Finale, Act 4 (The Marriage of Figaro) - Mozart After two slow pieces of Mozart I feel we need a bit of frivolity as well, so here is the end of 'The Marriage of Figaro'. The final scene in Act Four takes place at night in a garden. The Countess and her maid Susanna are planning to outwit the Count, who thinks he has caught his wife with another man (who happens to be Figaro, and the person in the Countess's clothes is Figaro's wife, Susanna). The Count catches hold of his 'wife' and calls upon everyone to come and bear witness to her infidelity. Susanna, still pretending to be the Countess, begs for his pardon, which he refuses. Then another voice begs for his pardon – that of the Countess. The Count then has to go down on his knees and ask for her pardon – a really moving moment. But this is of course a comedy (though like any really good comedy it could well have turned into a tragedy) and Mozart ends with a brief, fast ensemble that takes the breath away. Here Karl Bohm once again conducts, with Dietrich Fischer Dieskau as the Count and Kiri Te Kanawa as the Countess.

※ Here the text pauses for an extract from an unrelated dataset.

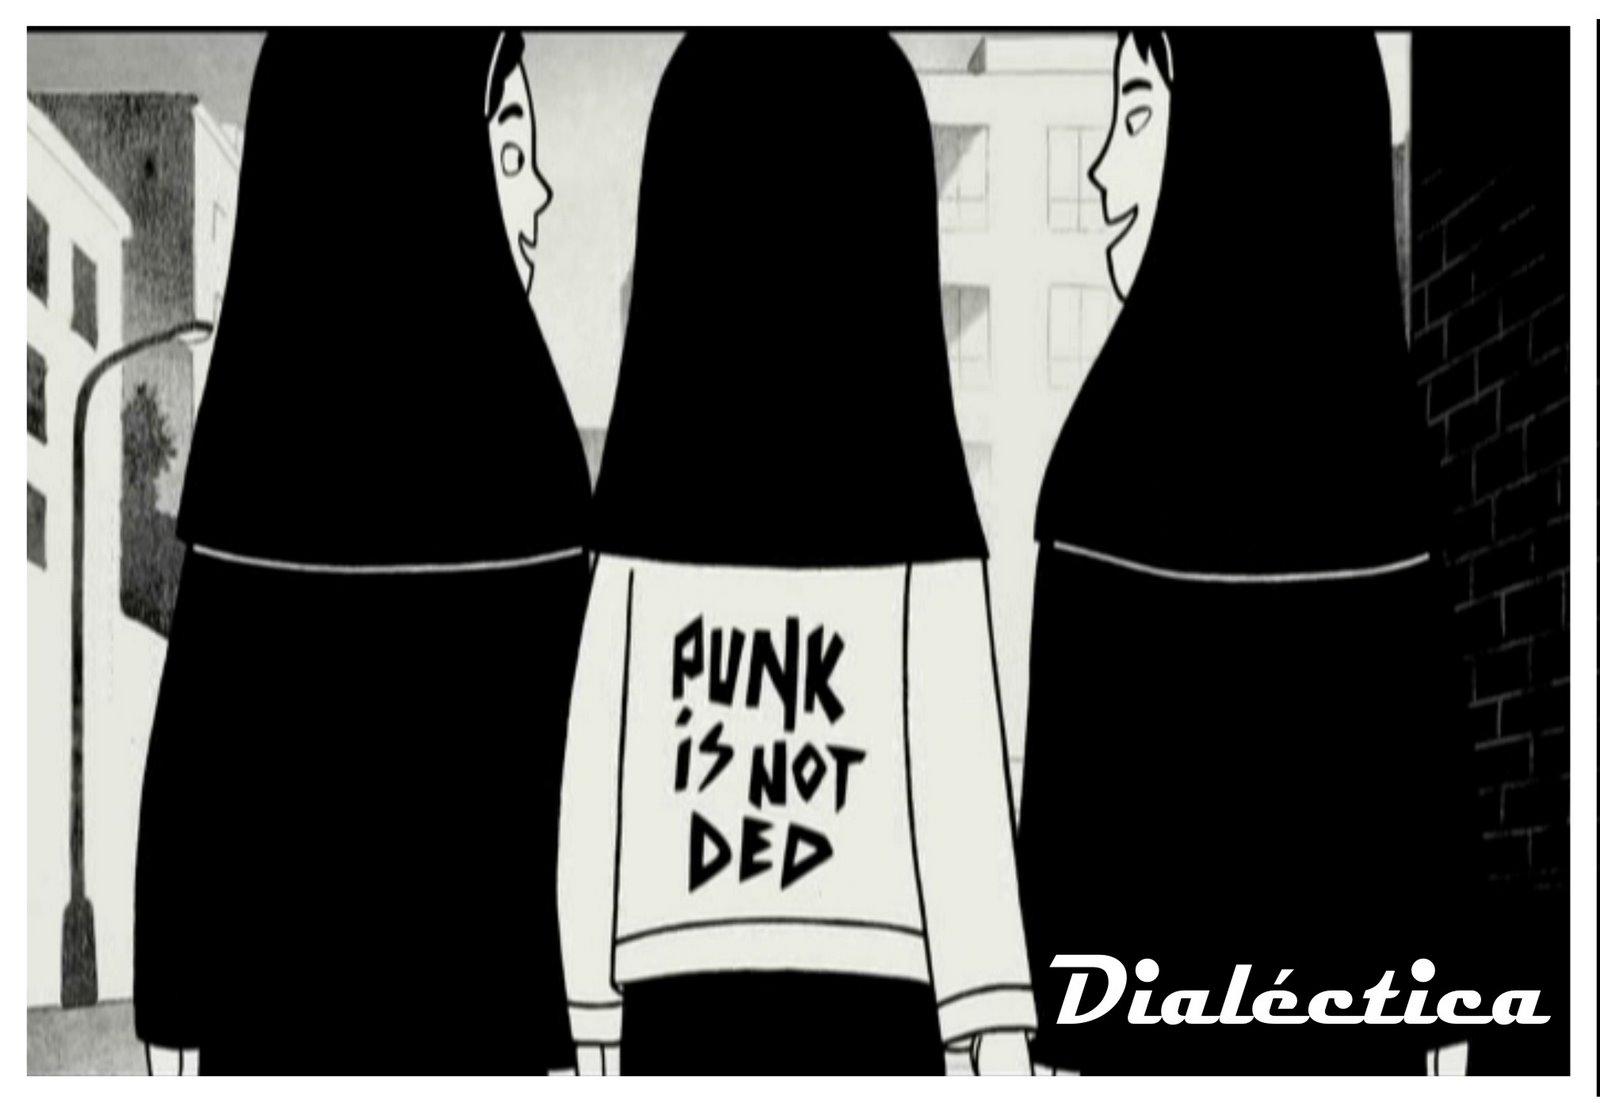 [punk+is+not+ded.jpg]

Grieg Piano Concerto - Morecambe & Wise with André Previn When I was at Cambridge I was introduced to an American group called the Hi-Los and also to the Yale Songbook – a collection of close harmony arrangements. I later sang in a number of groups which included these pieces in their repertoire. In my time in York we had a quartet called 'The Four Songmen', as the last was the name for the adult singers on the Cathedral Choir; our second tenor happened for a time to be Raymond Holland, who was for many years in the BCC, so it was good to renew my acquaintance with him when I moved into this area, even if he had by then given up singing. I am, however, not going to include a piece of close harmony in this particular collection, though I would certainly recommend the Hi-Los to everyone, whether singing jazz, folk or popular songs (try 'Molly Malone' for example, or 'A Nightingale Sang in Berkeley Square').
I would nevertheless like to end on a lighter note. There are a number of amusing musical 'performances' that I can watch over and over again (eg Dudley Moore singing 'Little Miss Britten' or playing Colonel Bogey in the style of Beethoven), but my absolute favourite is one which you all probably already know, and that is the Grieg Piano Concerto, as played by Morecambe and Wise and their guest, Andre Previn. Watch the orchestral musicians! And goodbye!!